Aku memang tidak pernah tahu rasanya menjalin hubungan asmara itu seperti apa, tapi kalau bagaimana rasanya jatuh cinta aku selalu tahu. Rasa itu muncul tanpa kusadari setiap kali kamu muncul di hadapanku. Dan, aku tak pernah tahu alasannya mengapa harus kamu. Dan, aku tahu tidak pernah ada peluang untukku, namun melihatmmu tersenyum sudah cukup menggenapkan jiwaku entah bagaimana.
Pagi itu, kita bertemu lagi. Kantin seolah menjadi tempat termudah untuk menemukanmu. Sebagai seorang penulis kamu justru tidak pernah berada di perpustakaan. Melainkan di kantin bercengkrama dengan orang-orang yang berbeda. Aksara yang populer dan terlihat sibuk. Dan, aku selalu mencintai sisi lan dari dirimu. Ke-over-active-an itu membuat semua orang tidak pernah bisa percaya kau adalah seorang penulis. Sisi yang kau tampakaan terlalu tidak nyata. Dua sisi yang berlawanan kepribadiannya. Namun aku selalu percaya, kata-kata itu selalu membawaku pulang padamu, Aksara.
Tumblr-ku ketinggalan. Aku tidak bisa melewatkan pagi tanpa segelas cappucino. Keputusan untuk ke kantin itu ternyata tidak membuatku menyesal. Kutemukan kamu di sana, Aksara. Terduduk di salah satu kursi di antara meja-meja yang masih sepi. Untuk pertama kalinya aku tidak melihatmu tertawa dan berkumpul bersama orang-orang seperti biasanya. Ada sebuah buku terbuka di hadapanmu. Buku yang tidak terlalu tebal, sehingga dapat kau pegang sebelah tangan. Lalu sebelah tangannya lagi tertelungkup menutup mulut dan dagu sekaligus. Dengan salah satu kaki tertumpuk di antara lainnya, kau terlihat seperti salah satu patung di Yunani, terlihat begitu indah dan memesona. Jeans sedikit robek dipadu kemeja kotak-kotak cokelat yang lengannya digulung asal-asalan. Juga tas yang terbuat dari simpul tali-tali seratkayu jati yang di dalamnya tidak berisikan apa-apa, hanya sebuah buku yang sedang kaubaca itu.
“Aksa!” Seorang wanita yang tadi berlalu di hadapanku kini berjalan menarah kepadamu. Melenggang cantik dengan bokong terangkat karena di kakinya terpasang wedges cukup tinggi. Wajahnya dibingkai make-up natural yang cantik, menghias wajahnya yang sudah cantik.

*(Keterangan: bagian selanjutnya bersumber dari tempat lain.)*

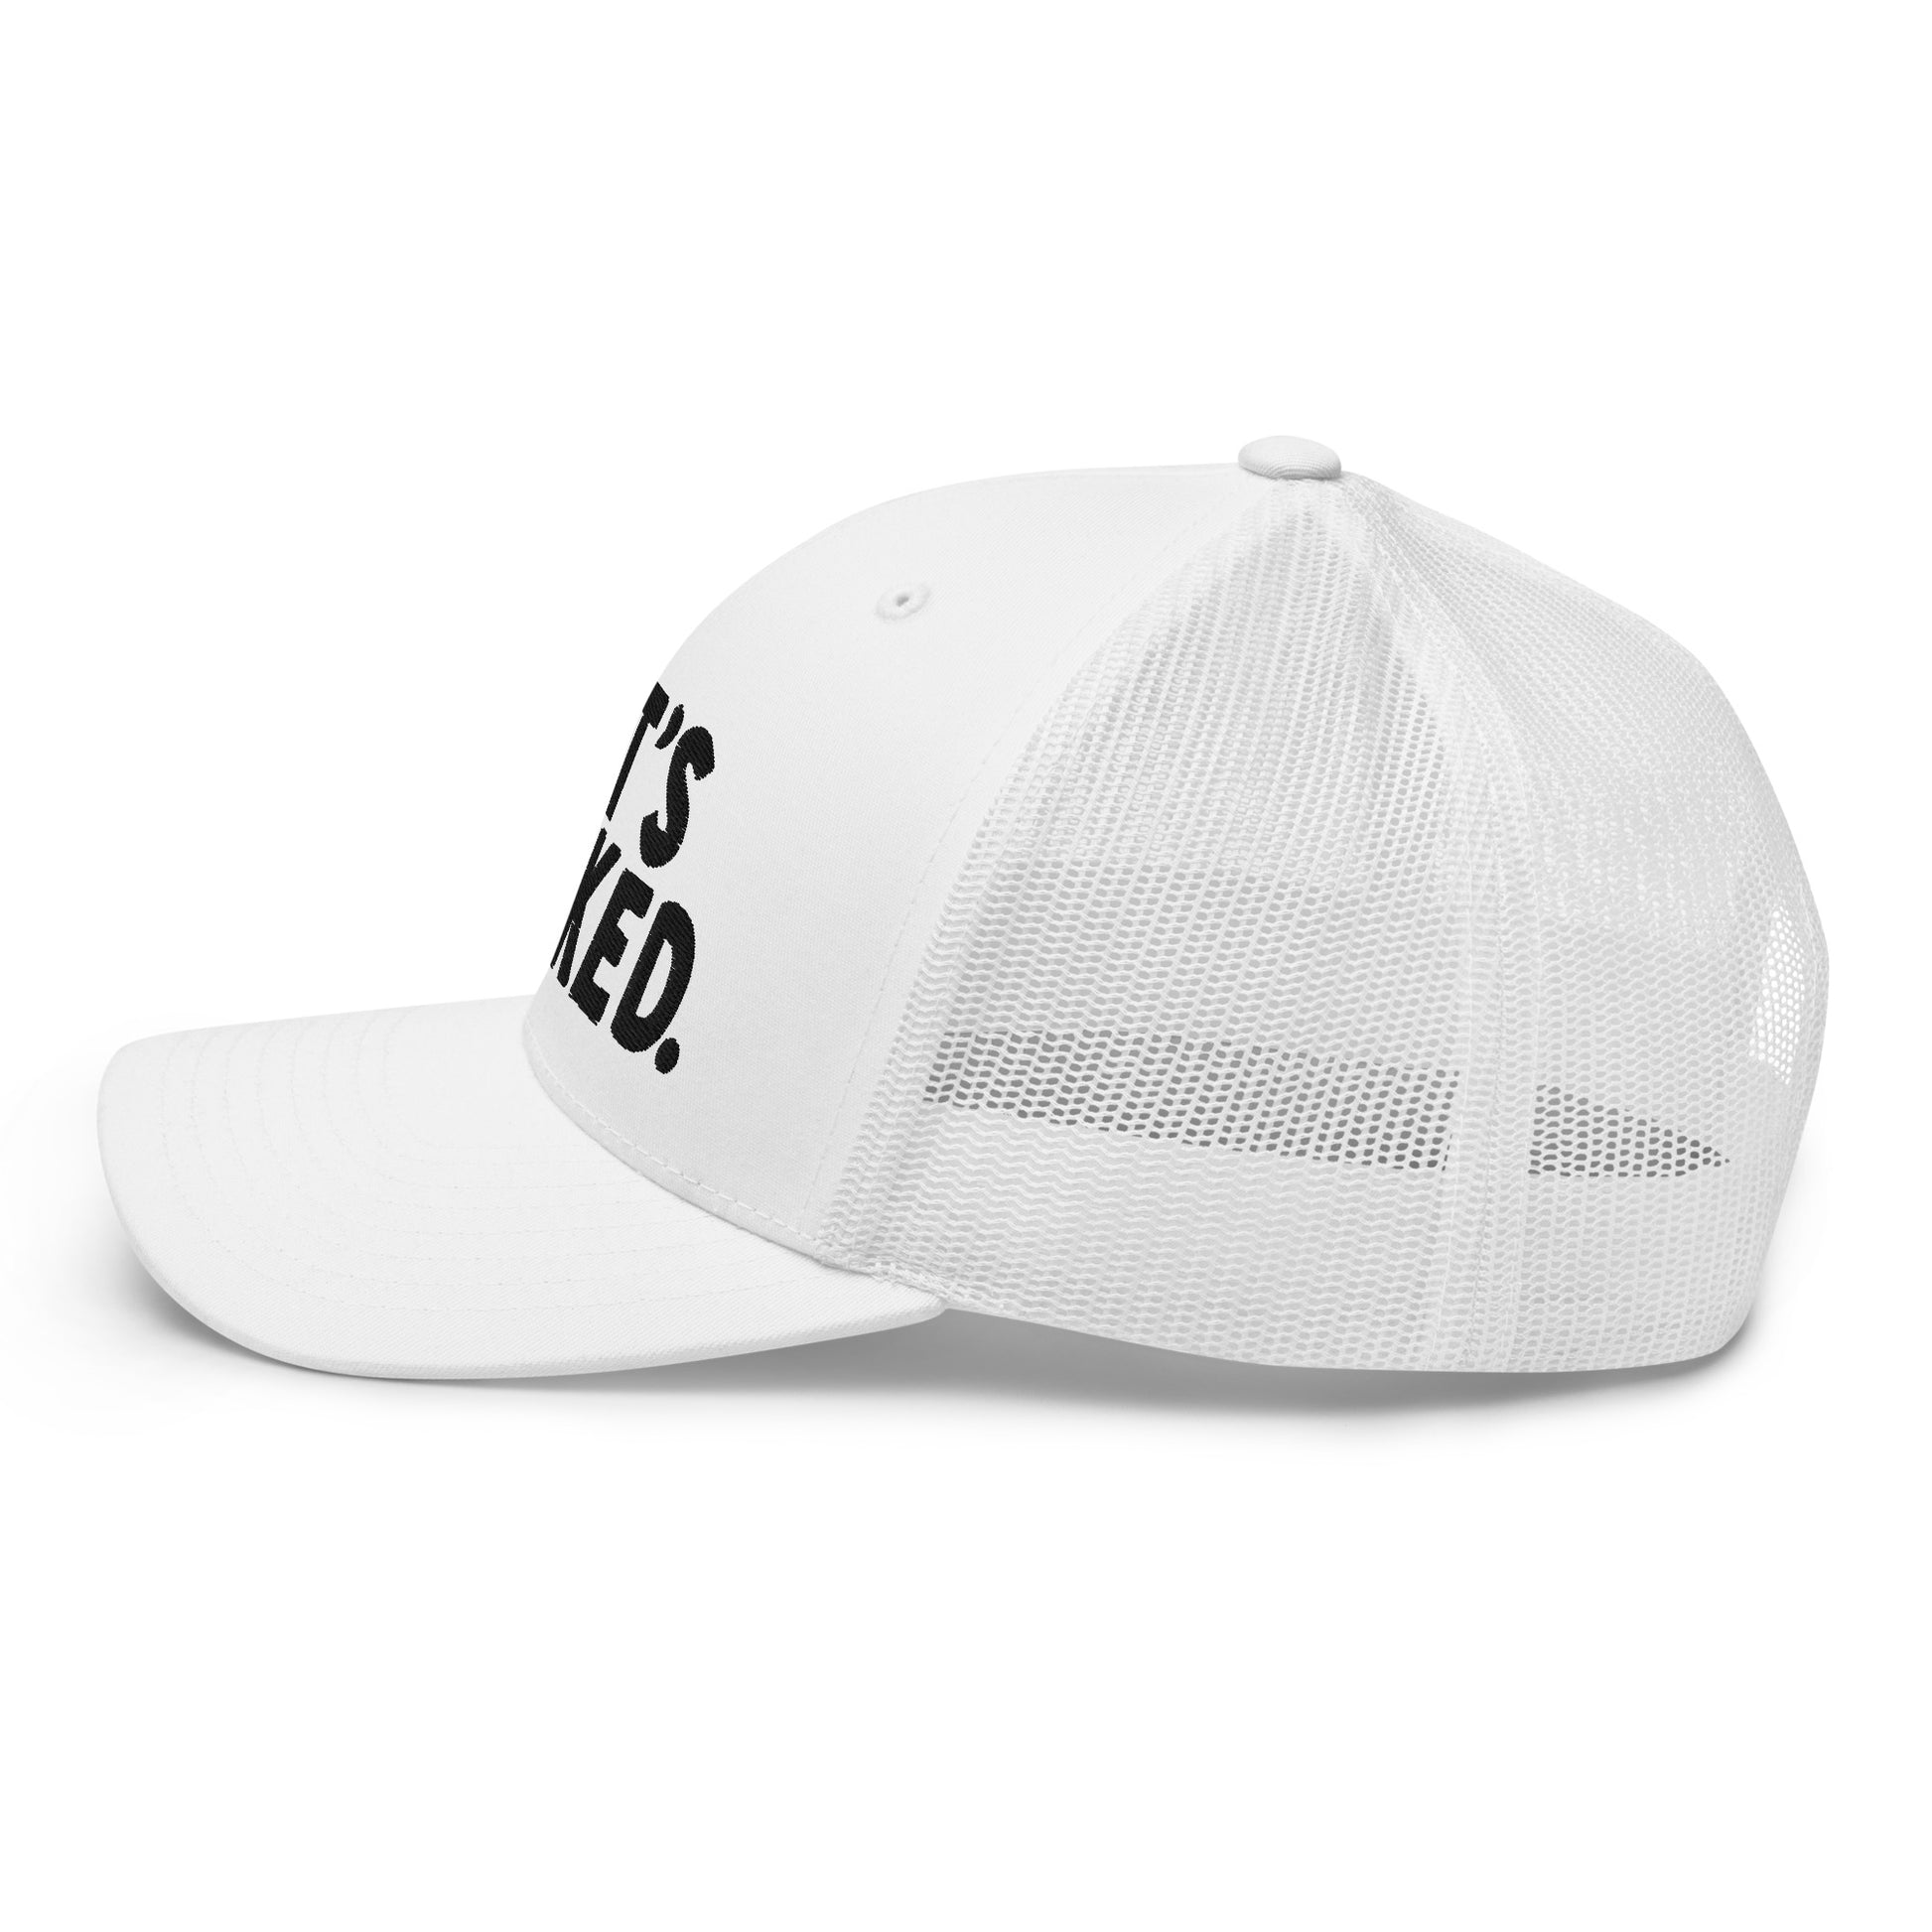 Signature series hat that says Shits fucked

Wanita itu menarik bukumu dengan genit, lalu menempelkan pipi sebelah kanan dan kiri secara bergantian. Dan, Aksara, matamu menatapnya dengan berkilat-kilat. Selanjutnya, aku tak ingin lihat lagi.
Aku akan tetap mencintaimu, Aksara. Selama kamu masih memproduksi kata-kata.
Namaku Bulan. Yang tidak akan menjadi indah bila tiada rangkaian aksara untuk menggambarkannya. Yang akan menjadi biasa saja jika tanpa kamu.